==== DATA BLOCK ====

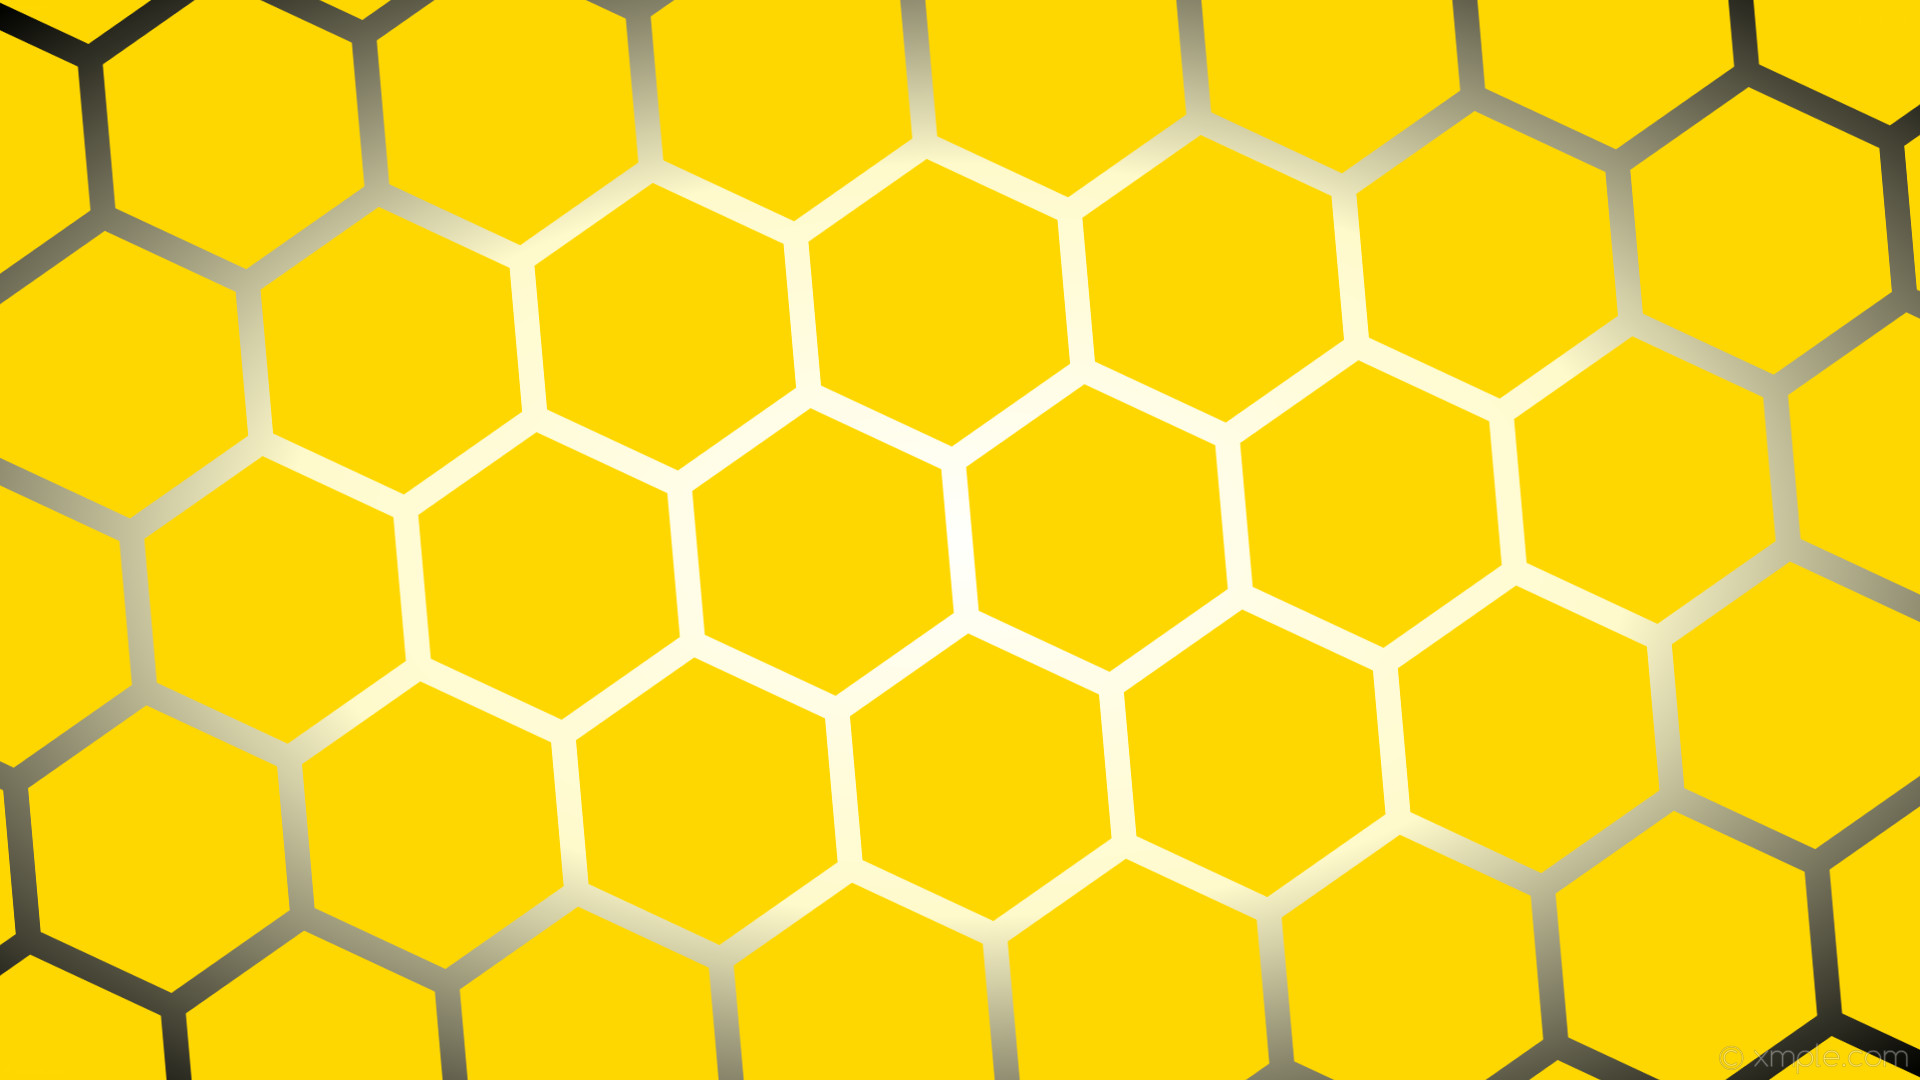 wallpaper yellow black white glow hexagon gradient gold lemon chiffon  #ffd700 #ffffff #fffacd
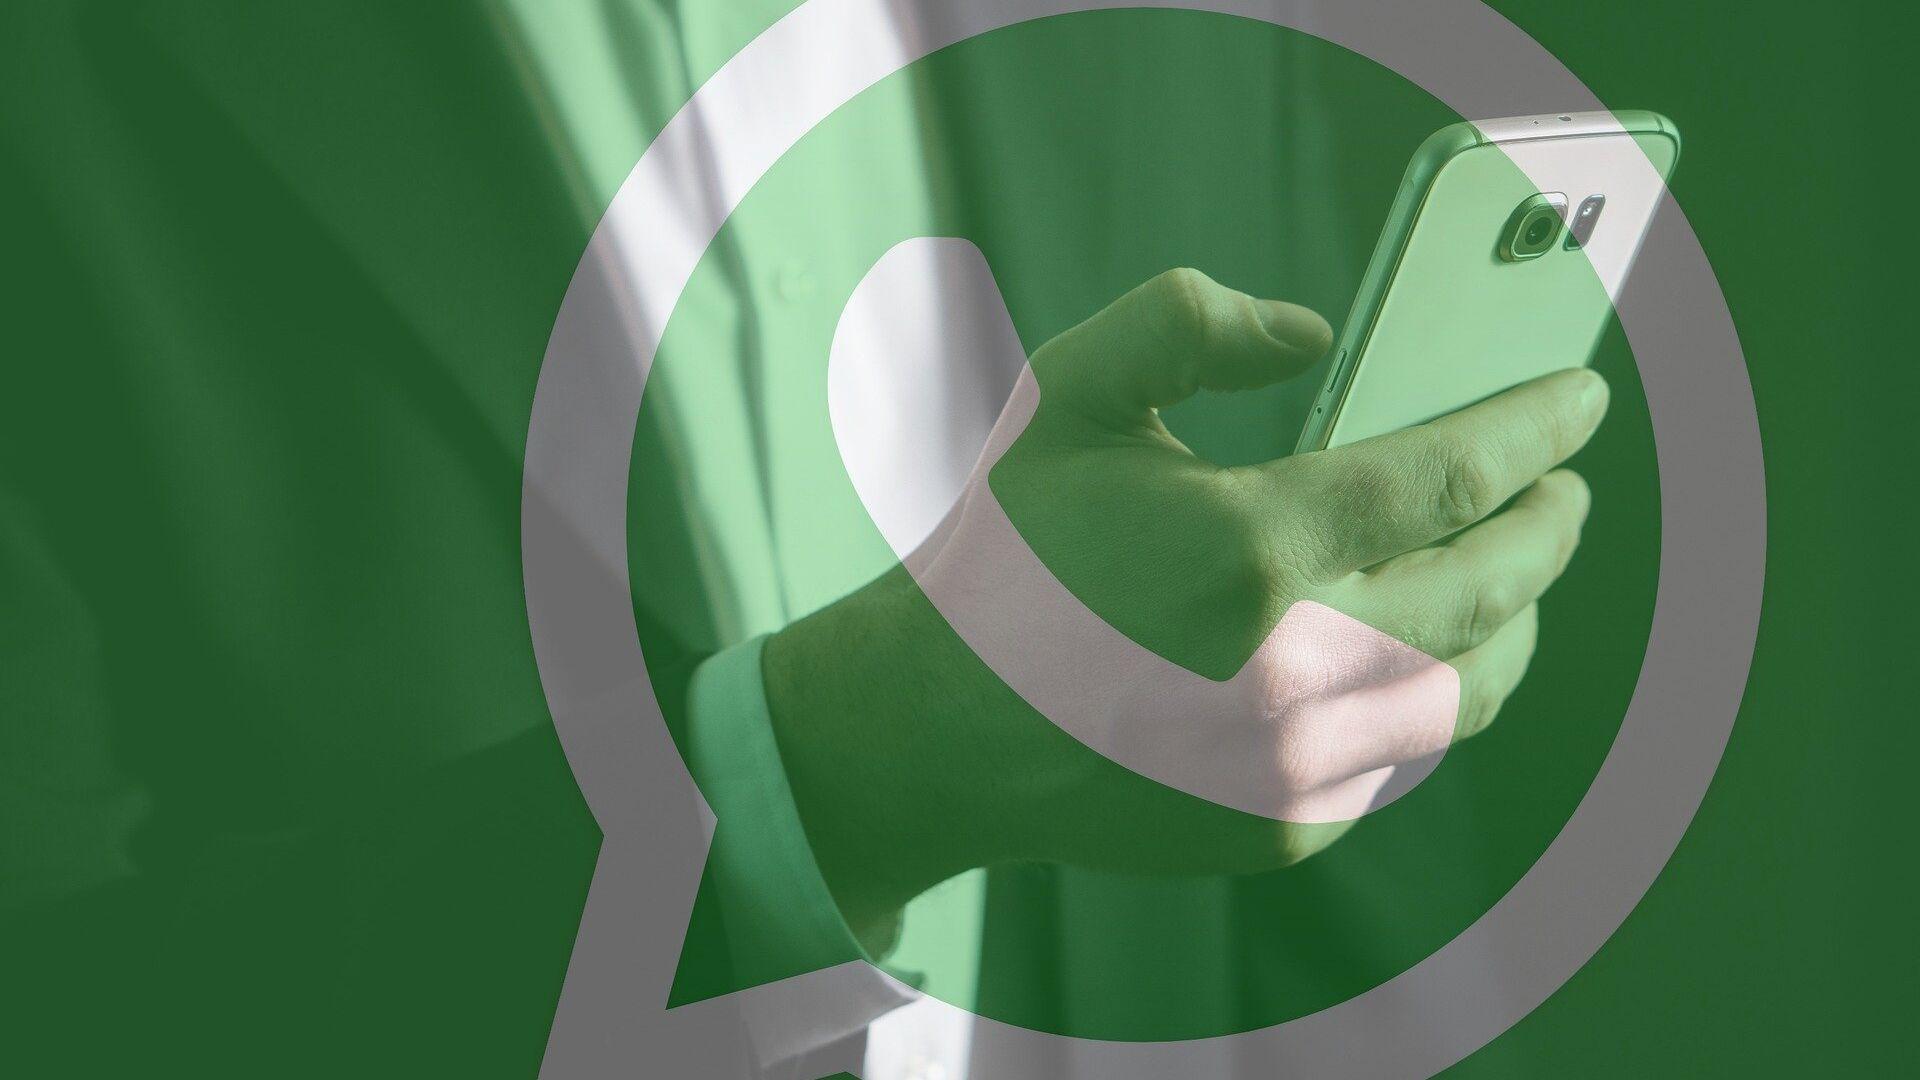 El logo de WhatsApp - Sputnik Mundo, 1920, 12.07.2021
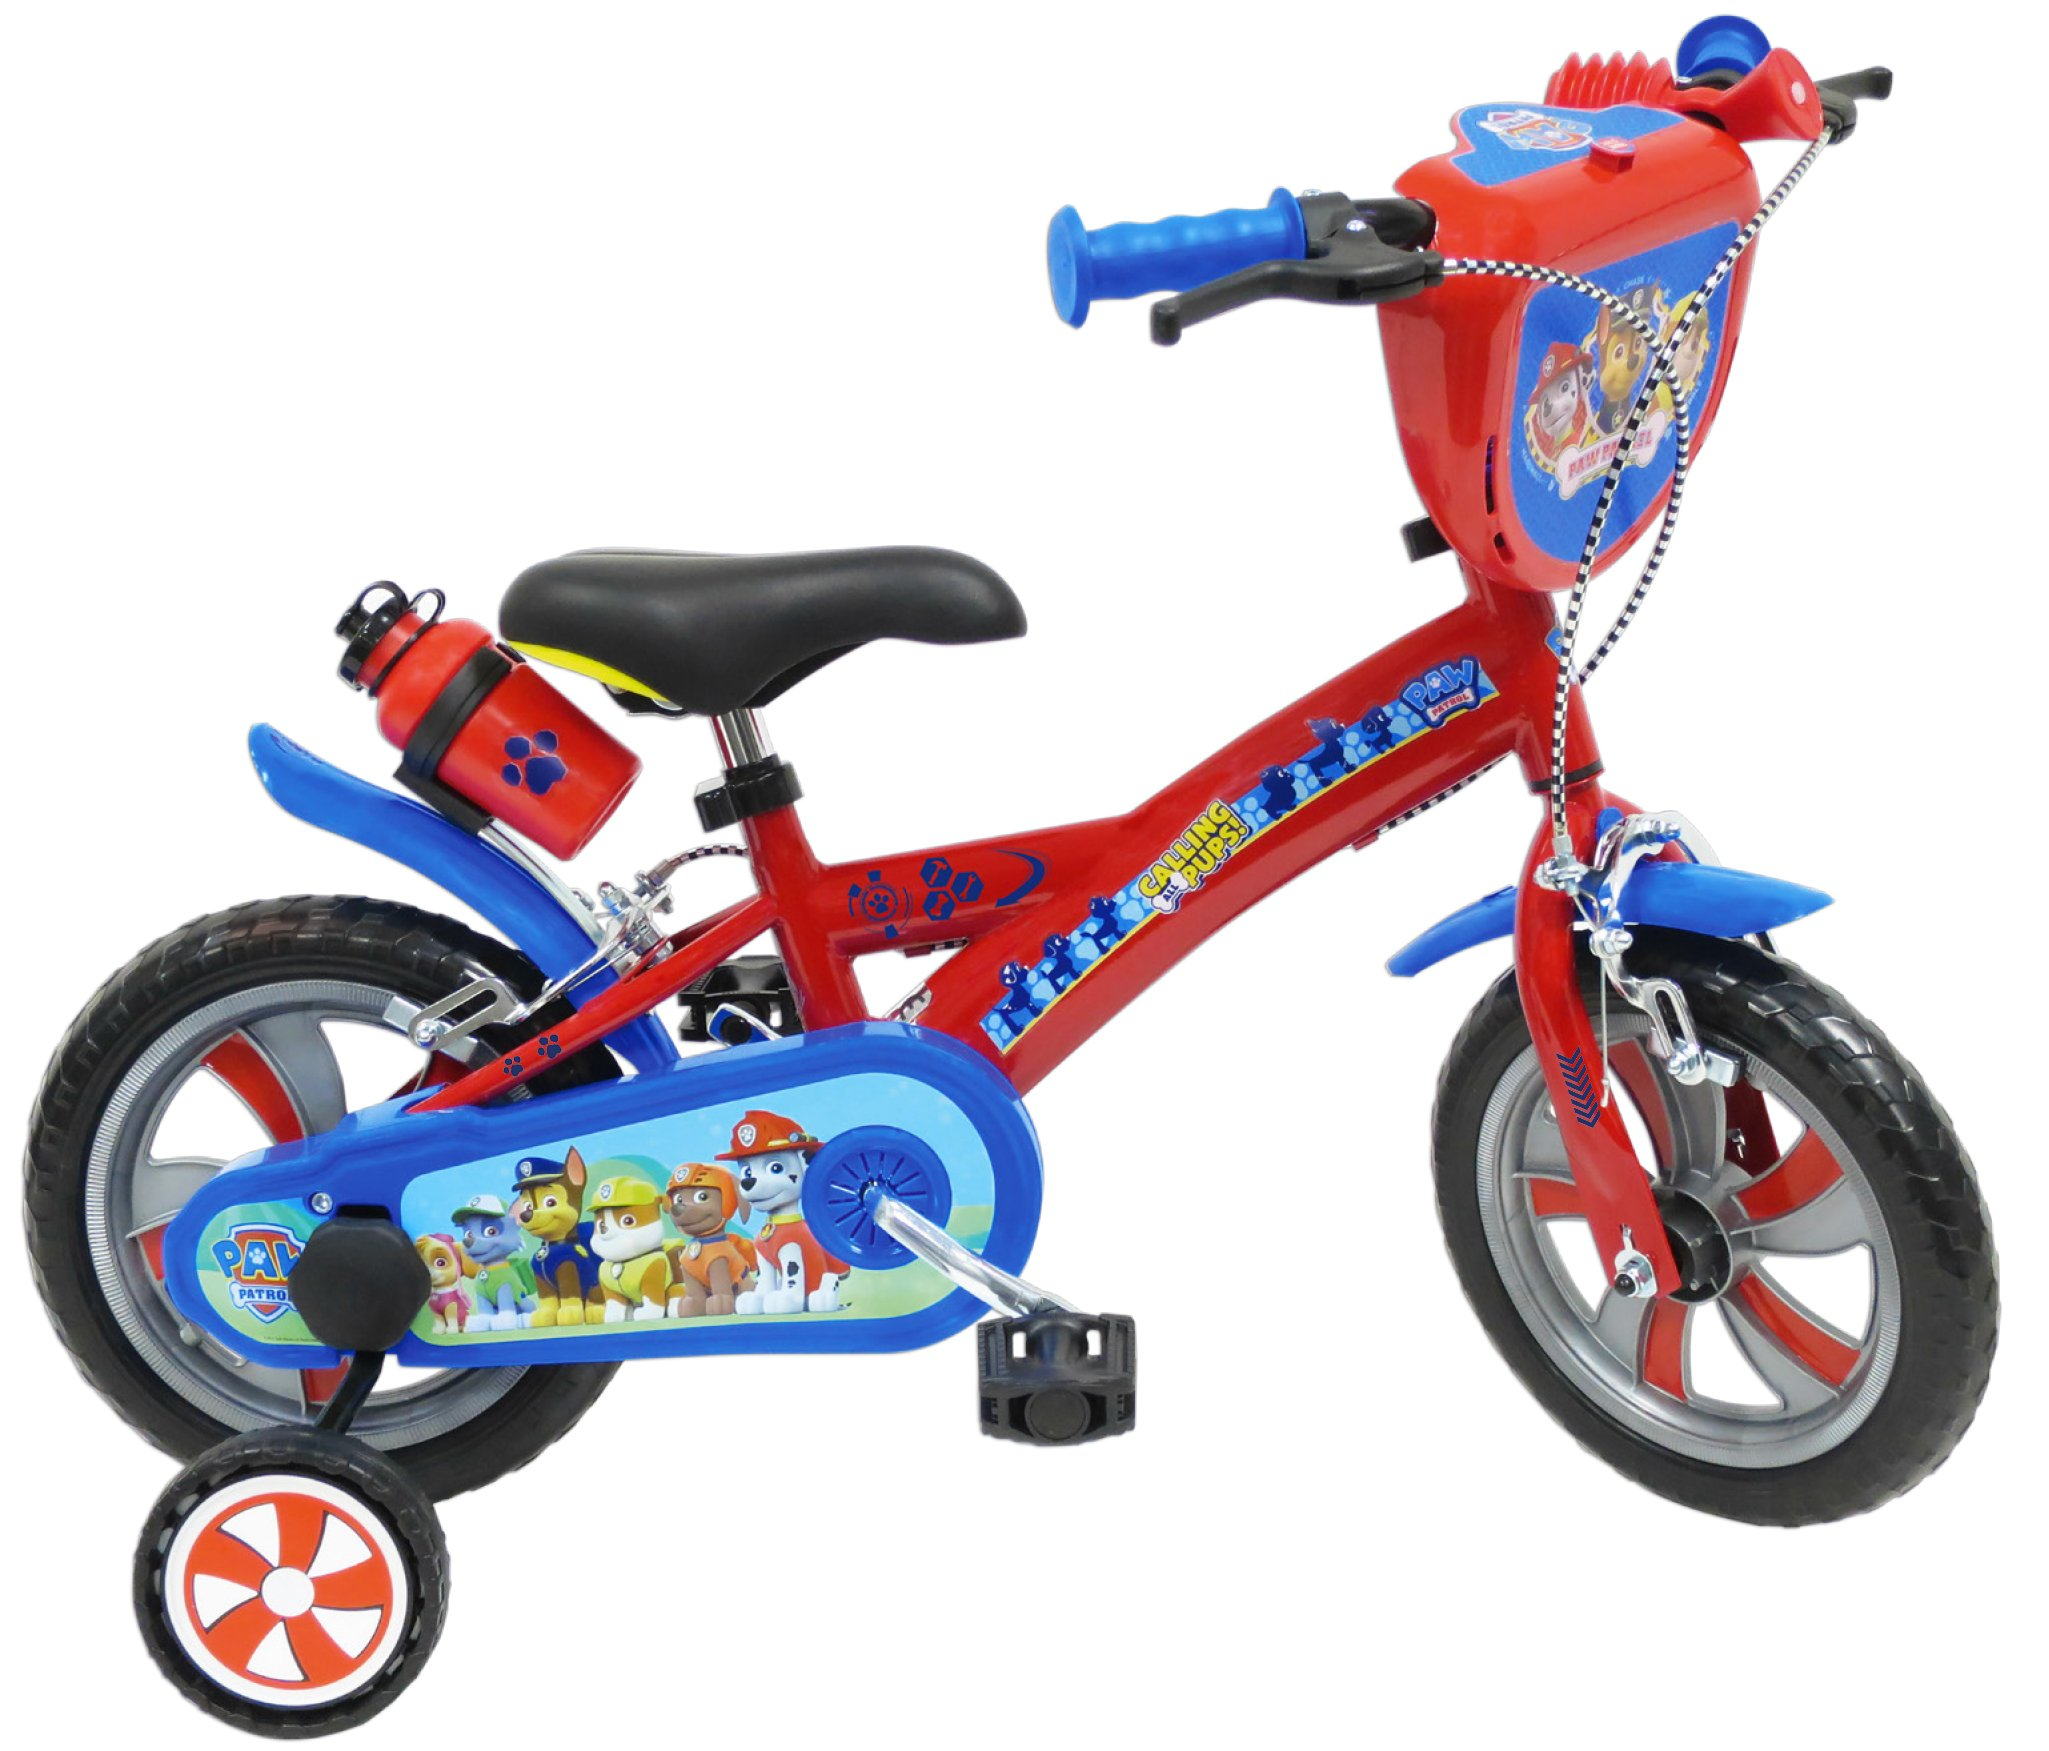 PAW PATROL Fahrrad für Kinder, Kinder, Pat' Patrouille, blau, 12

====

▶ _EXERCISE DESCRIPTION_: Send back the listing exactly as it stands. Do not include the pictures.

▶ _WRITTEN ANSWER_:
 wallpaper yellow black white glow hexagon gradient gold lemon chiffon  #ffd700 #ffffff #fffacd
 El logo de WhatsApp - Sputnik Mundo, 1920, 12.07.2021
 PAW PATROL Fahrrad für Kinder, Kinder, Pat' Patrouille, blau, 12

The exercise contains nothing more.